SOURCE DATA
══════════════════════════════
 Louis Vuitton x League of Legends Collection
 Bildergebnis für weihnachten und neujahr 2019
══════════════════════════════
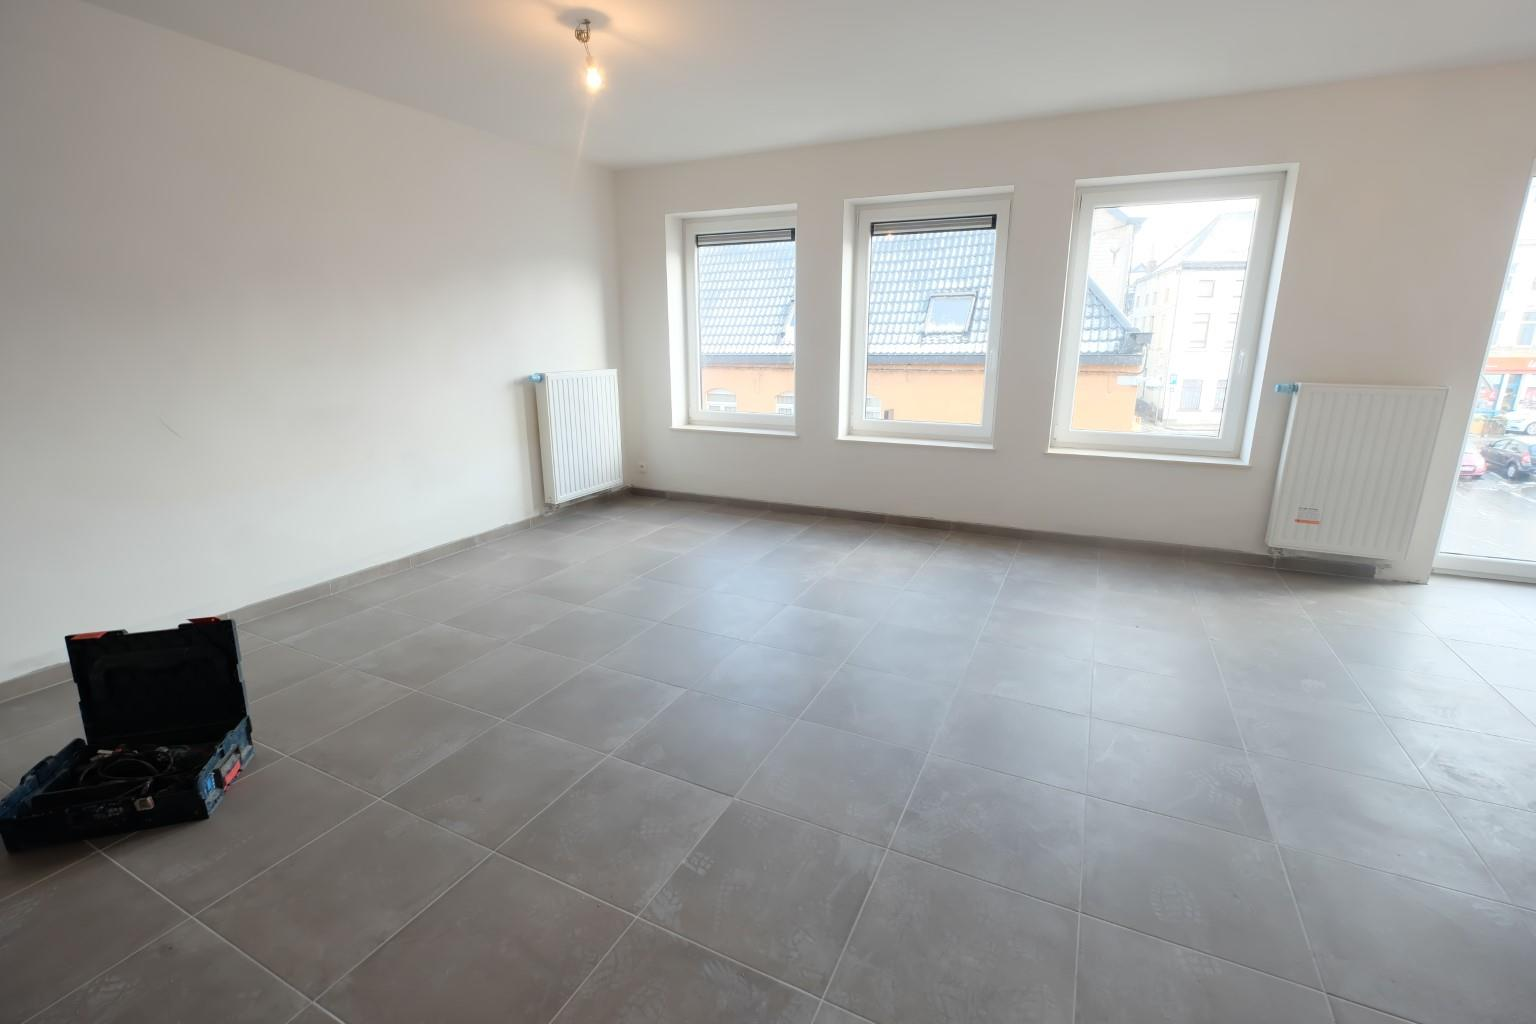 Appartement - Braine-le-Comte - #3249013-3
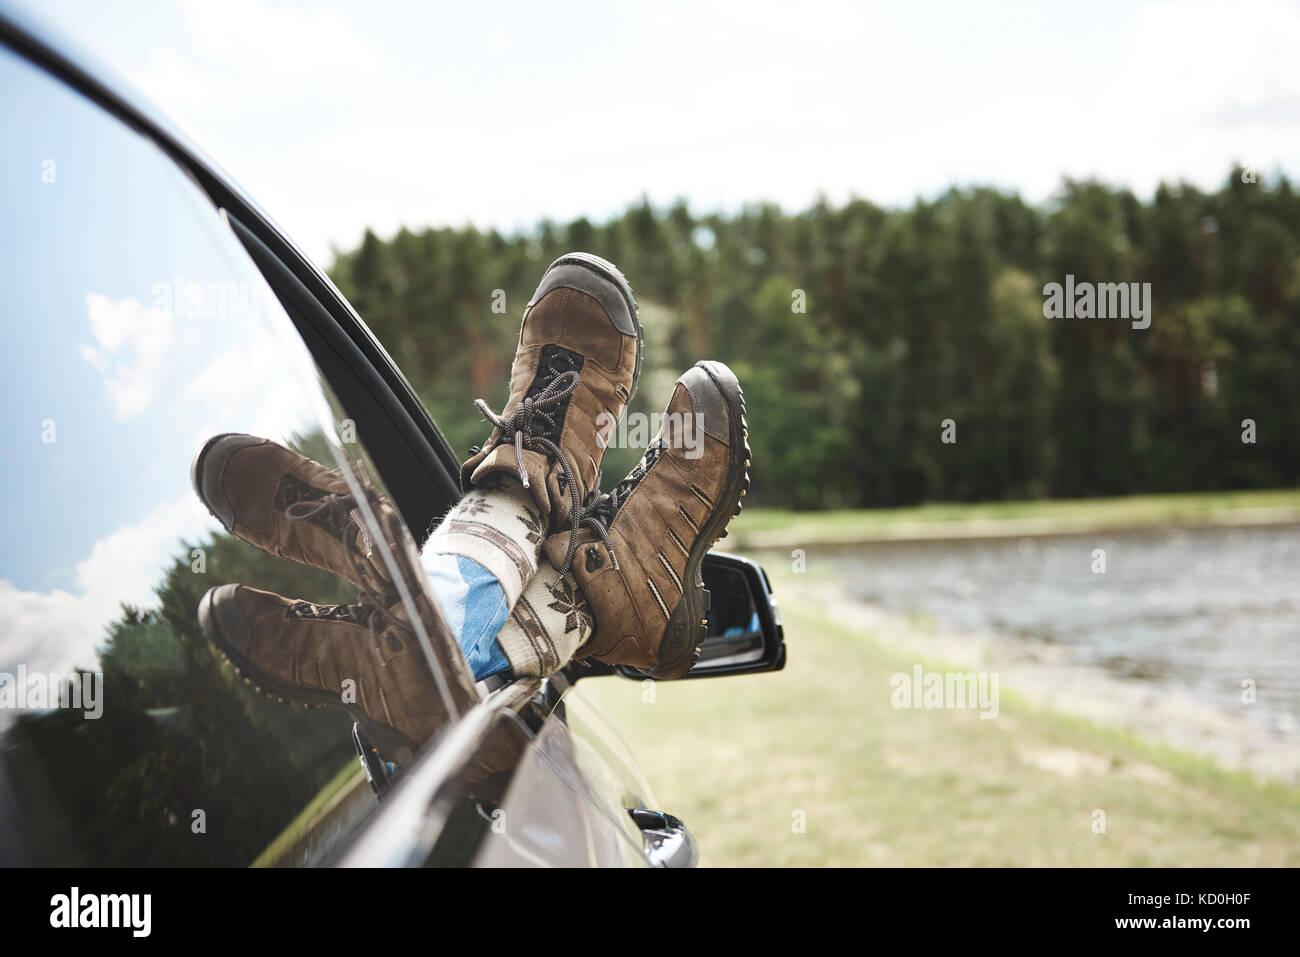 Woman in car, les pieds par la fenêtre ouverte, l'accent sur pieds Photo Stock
══════════════════════════════
Output exactly, and only, the lines of the entries above from the one with "Appartement - Braine-le-Comte - #3249013-3" up to and including the one with "Woman in car, les"; pictures are to be left out.

WRITTEN SOLUTION
 Appartement - Braine-le-Comte - #3249013-3
 Woman in car, les pieds par la fenêtre ouverte, l'accent sur pieds Photo Stock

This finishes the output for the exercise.